The lines which Roussel intended Zo’s image to illustrate come from one of the poem’s long list sections, in this case a list of correspondences, where something large and something small share a certain characteristic. Here, Roussel is likening the reader who peers between the uncut leaves of a book to a mother who peeks between the curtains of a cradle:

 …lorsqu’une mere, oseuse,
Ouvre un berceau, les blancs rideaux, pour deux feuillets
Non coupés qu’on disjoint.

[ …when a mother daringly
Opens a cradle, its white curtains, for two leaves
In an uncut book one prises apart.] (Mark Ford)

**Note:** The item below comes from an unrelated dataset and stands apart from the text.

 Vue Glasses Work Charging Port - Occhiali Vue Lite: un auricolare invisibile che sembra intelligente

Daringly is a striking word here, even if we didn’t know about Roussel’s extraordinary mother-relationship: it sexualises the scene, accusing the mother of bringing a brazenness to her Fort-Da play with the child. The nominal formulation in the French is even more suggestive: oseuse, from oser, to dare: thus, a woman who dares (just as poseur, from poser, is a man who poses). Her twin roles then are listed side-by-side: ‘mère, oseur’: ‘mother, darer’. Barthes’s sense of the erotic as the ‘staging of an appearance-as-disappearance’ could hardly more explicitly represented: in Roussel’s table of comparisons the appearance-disappearance game of the brazen mother, using the curtains of the crib as theatrical props, becomes the writ-large equivalent of the book as portable peep-show.

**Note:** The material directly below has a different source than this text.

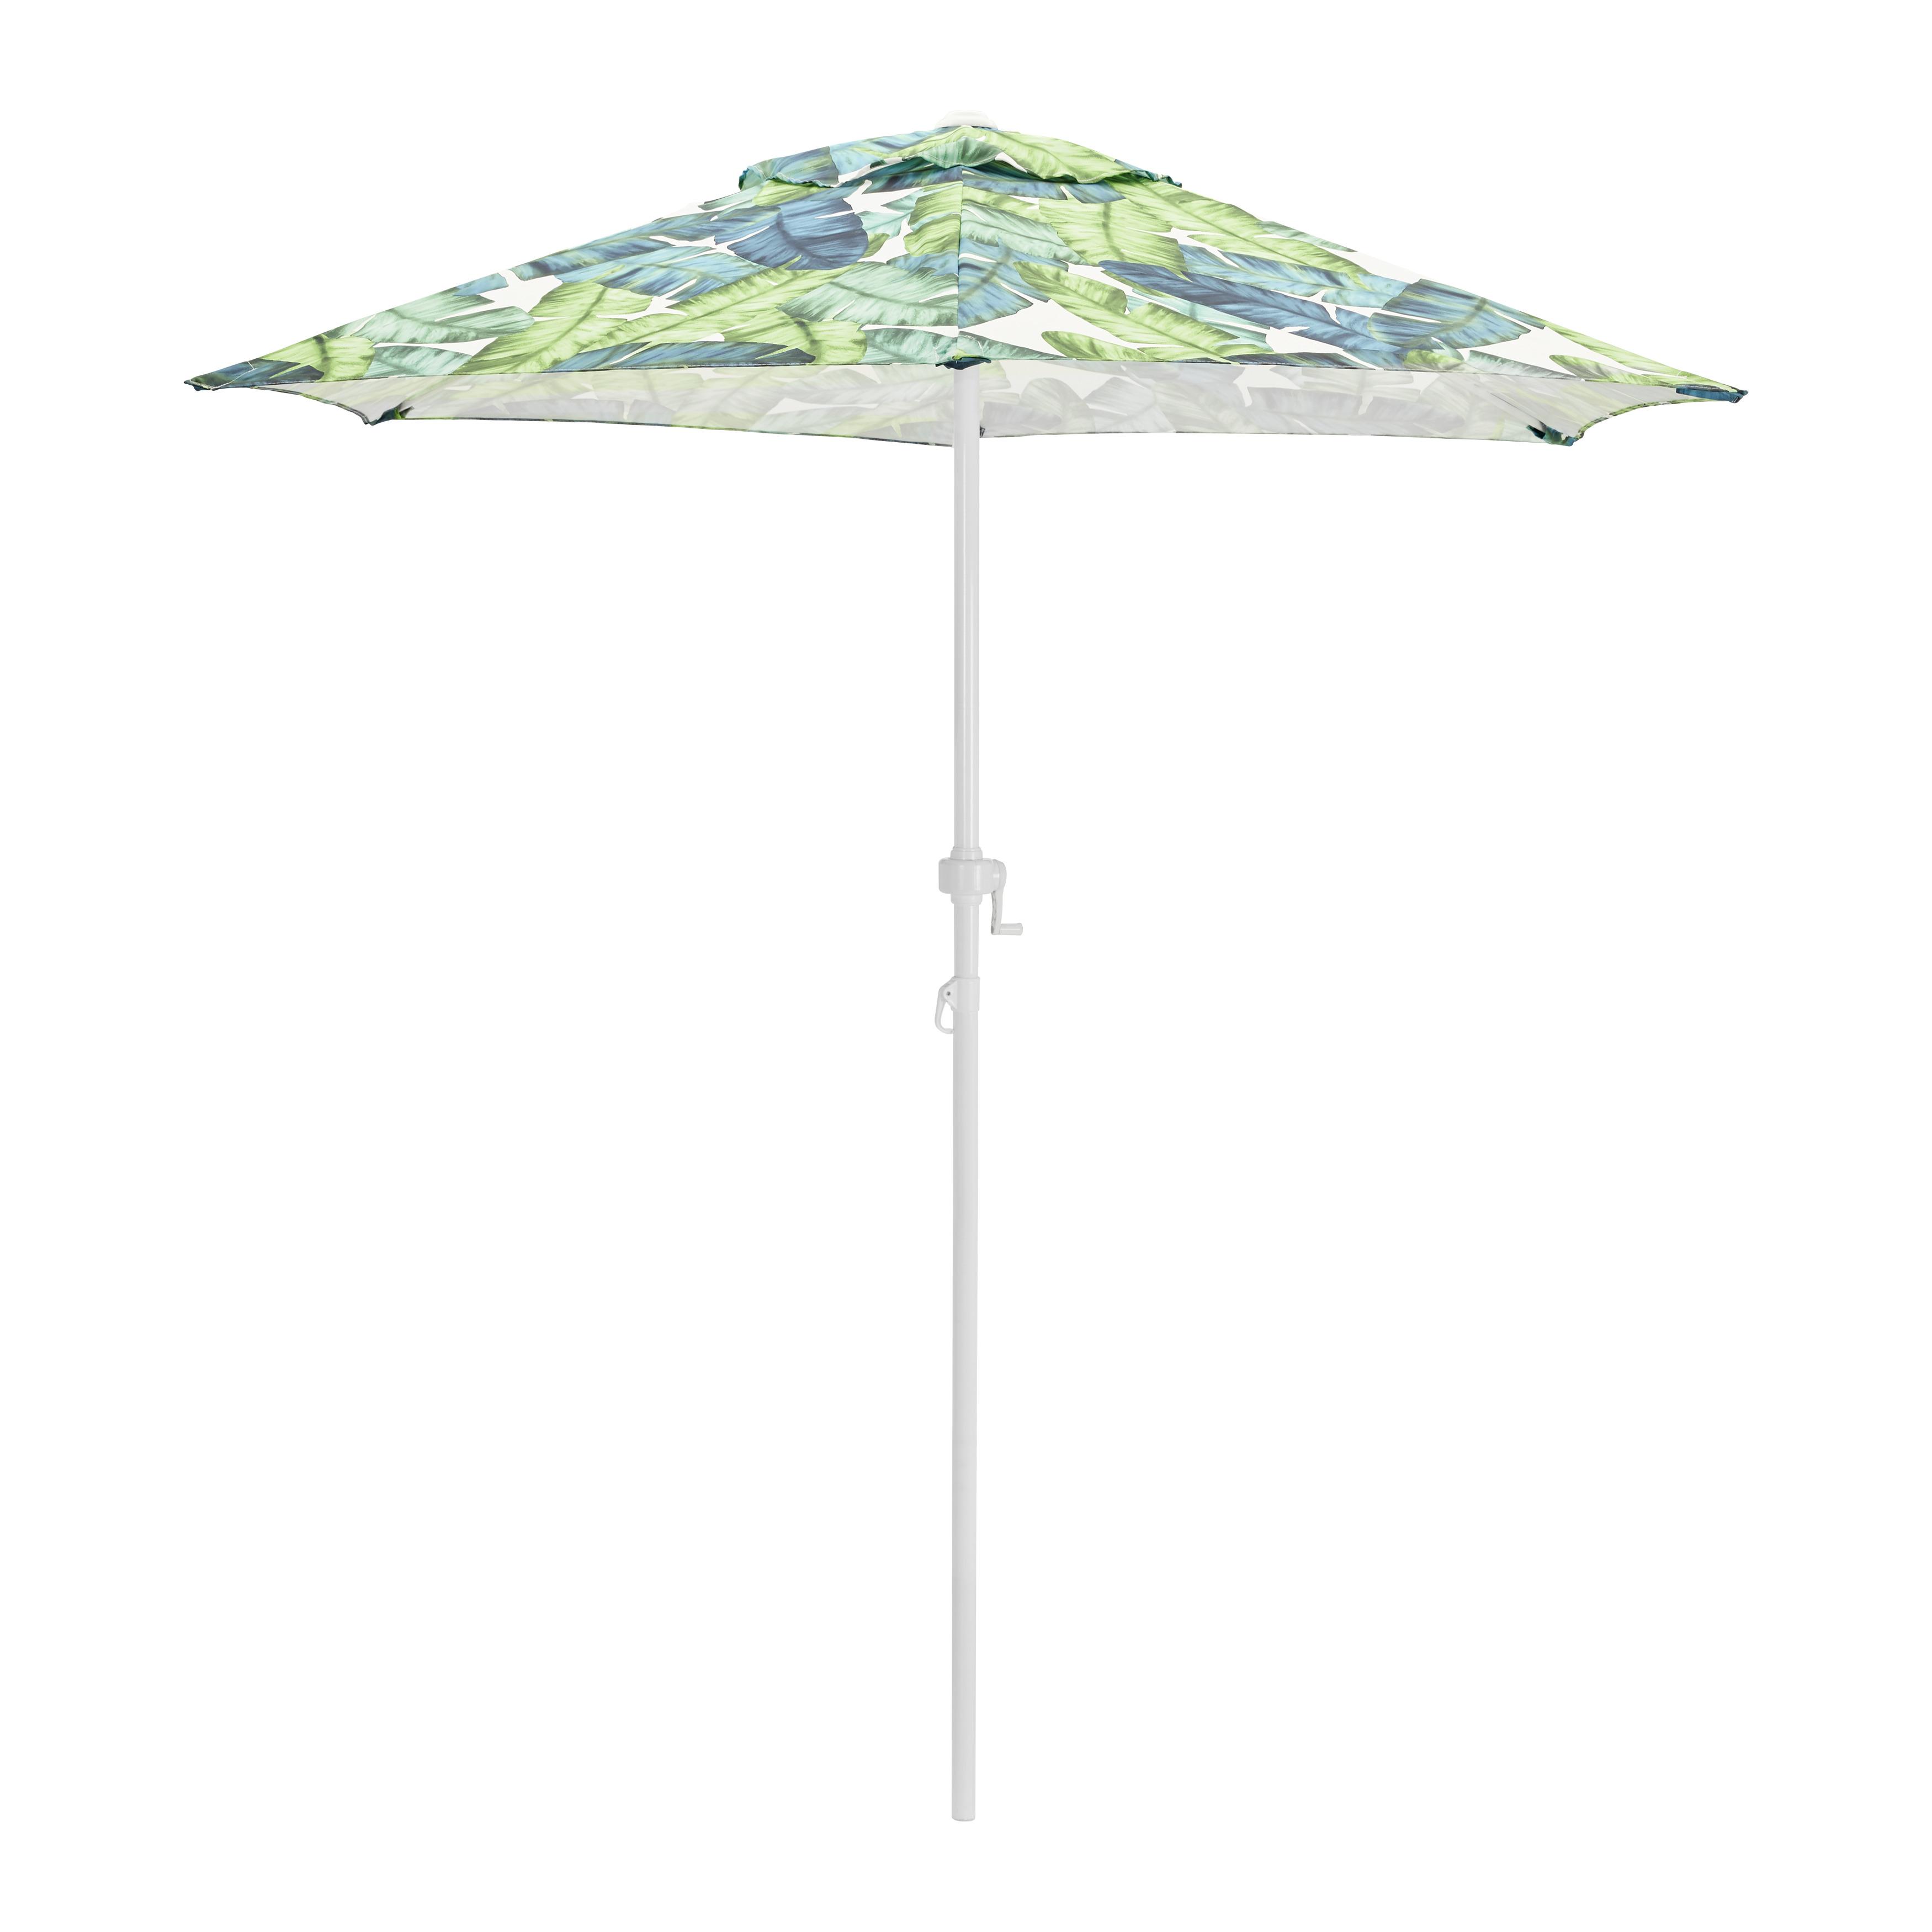 Sonnenschirm "Patricia" ca. 200 cm, blau/grün - Blau/Weiß, MODERN, Kunststoff/Textil (200cm) - Bessagi Garden

To make things even stranger, Roussel’s lines and Zo’s illustration appear to be self-reflexive: the book best-suited for this model of reading-as-peering is Nouvelles Impressions dAfrique itself. Roussel’s poem is a long one by any measure, yet after fifteen years of creative effort, at fifty-nine pages long it still fell somewhat short of the book-length work its author had envisaged. Commissioning a set of illustrations, then, offered a way to pad the text out, and to redouble the effect Roussel took the unusual step of leaving all left-hand pages blank, while on the recto side the poem and the illustrations appeared on alternate pages. The fifty-nine page poem thus becomes a work of two hundred and thirty-six pages, and since the top edge of the paper was uncut, if one wanted to see any of the illustrations one would either have to cut the pages, or to hold the sheets open and peek between them in the manner described. When we look at image #28 then, holding the pages open to watch our man holding the pages open, perhaps he too is peering at another reader, a smaller man, peeping through a tiny Nouvelles Impressions dAfrique in an infinite regress. (And yet – this slight disconnect between image and text again – in Zo’s illustration we can tell that this is not the book which the man is reading: there is writing on the verso sheet, and besides Roussel’s brief for the artist explicitly states that the man is peering between the uncut pages not to view an illustration but ‘so as to read a passage’ [‘pour y lire un passage’].)

There are, to my knowledge, three English translations of Roussel’s long poem (one is really a composite: Ken Koch’s mid-sixties translation of Canto III was supplemented in the late-nineties by Andrew Hugill’s working of Cantos I, II and IV). Of these, Mark Ford’s, which eschews the rhyme and metre of the original for greater fidelity to the sense, is the most satisfying both as a poem and as a translation. And yet, in its presentation it comes as a straightforward octavo edition with its edges pre-cut and the verso pages used for explanatory notes and the original French text. Alongside it, then, textual materialists will need a copy of Ian Monk’s version, published by Atlas Press, which comes as the original 1932 Lemerre edition original would have, with its top edges uncut, so that we might, if the mood takes us and there’s no-one around, find a quiet space to set the book upright on the table and, holding the pages gingerly open, peep through at Zo’s uncanny illustrations.